I have been able to get three (empty!) WW2 Red Cross food parcel boxes; one each of the Canadian, British and Scottish Red Cross; there are also US, Australian, New Zealand and South African ones, and although I have never heard tell, I assume that there must have been an Indian version, meeting the dietary needs of Sikh/Hindu troops, captured in North Africa and held in Italy (later Germany).

Now: contraband. This was received in the camps by three main methods:

i) concealed in uniforms (that is, the POW already had these hidden on him when captured); examples are the various small compasses concealed inside brass buttons, or as fly buttons, among other ruses.

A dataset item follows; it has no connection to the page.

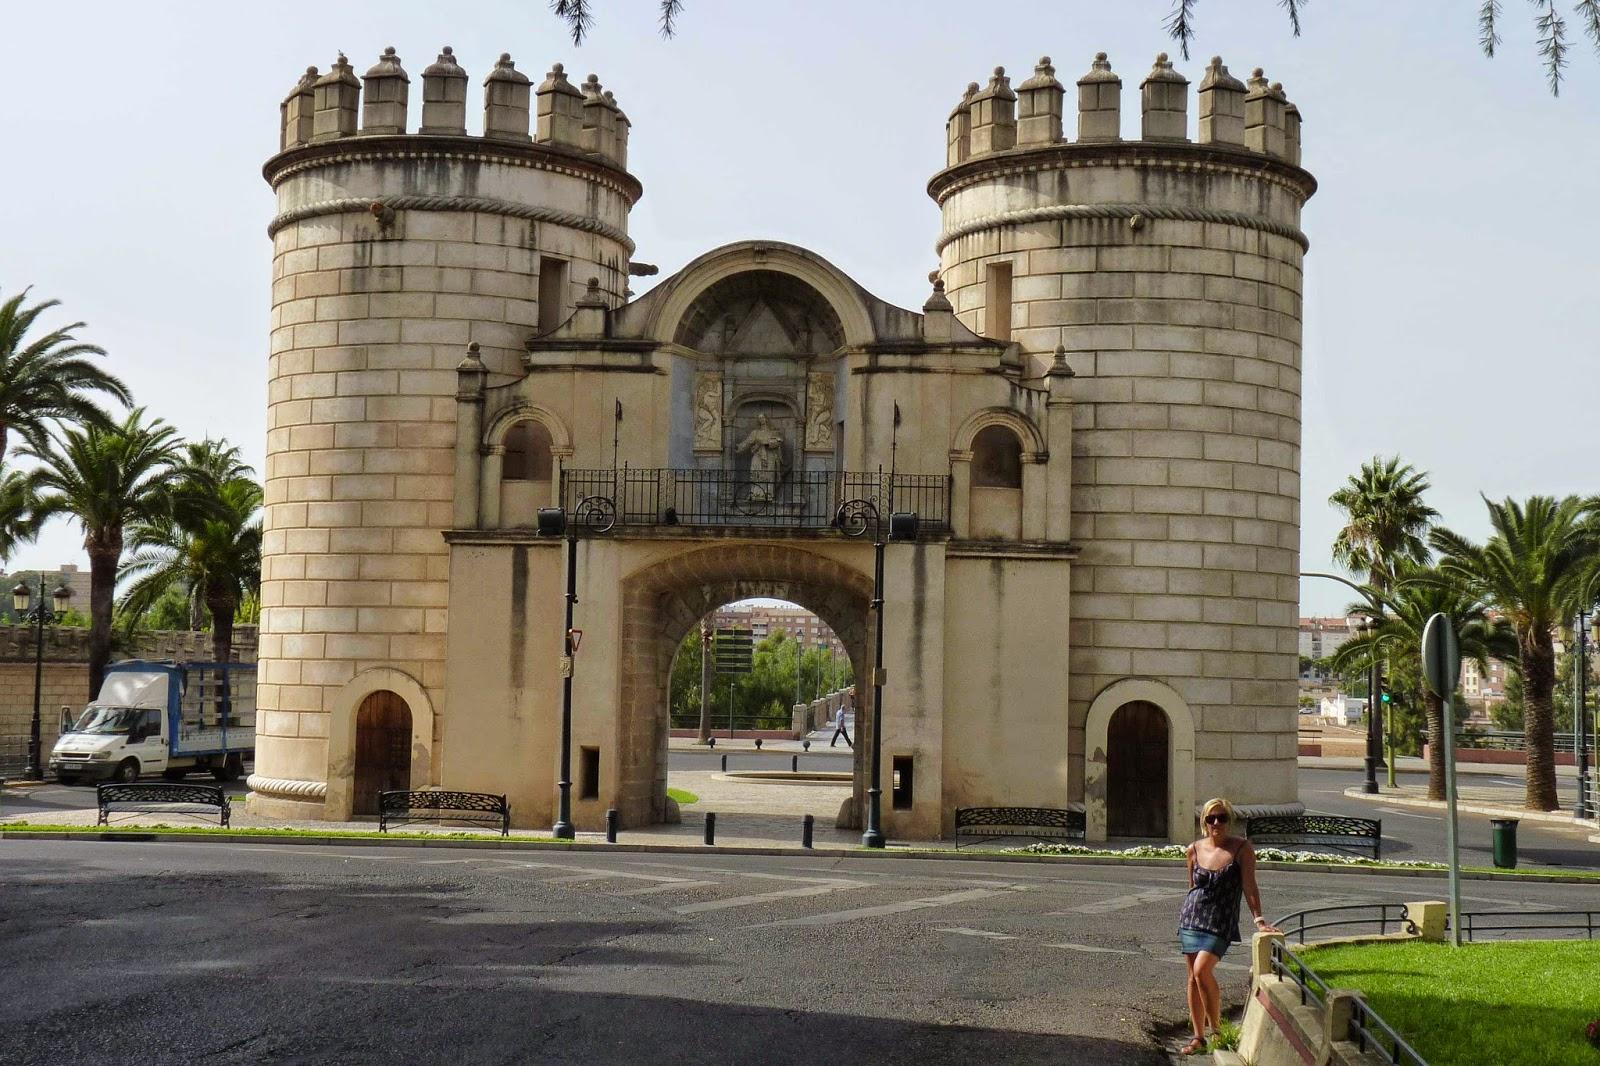 Fachada interior de la Puerta de Palmas.

ii) sent in parcels from spurious POW welfare agencies (which were in reality “fronts” for MI9), such as the “Prisoner’s Leisure Hours Fund.” Such things as German money (contraband for a POW to possess), was hidden inside phonograph records, as were well-produced false papers (blank, to be filled in as and when required). In some cases (such as in Colditz), the POWs were forewarned when to expect “naughty” parcels, and steal them out of the parcels store before the Germans examined them. (Roughly one in ten British officers had been taught a simple method for sending coded messages in letters home).

iii) obtained illicitly by black market activity or blackmailing German guards.

(there is a fourth category, escape aids manufactured within the camp itself–like crude wirecutters made from bedframe parts, fake documents, lockpicks, etc).

Here are the playing cards the OP mentioned, along with a phonograph record containing money, wire saws contained in shoelaces, etc. The illustrations are from a book titled “Per Ardua Libertas,” which reprints a 1945 Royal Air Force manual of escape aids. Escape equipment. I have seen a set of these cards on display at the RAF Museum in Hendon, London. I’ve never been lucky enough to find any in my searching, though!

I have been fortunate enough to find several button-type compasses, a short hacksaw blade hidden inside a little rubber ruler, fly-button compasses, a mini-telescope (sent into camps inside the handle of badminton racquets), and a number of silk maps (which actually aren’t rare).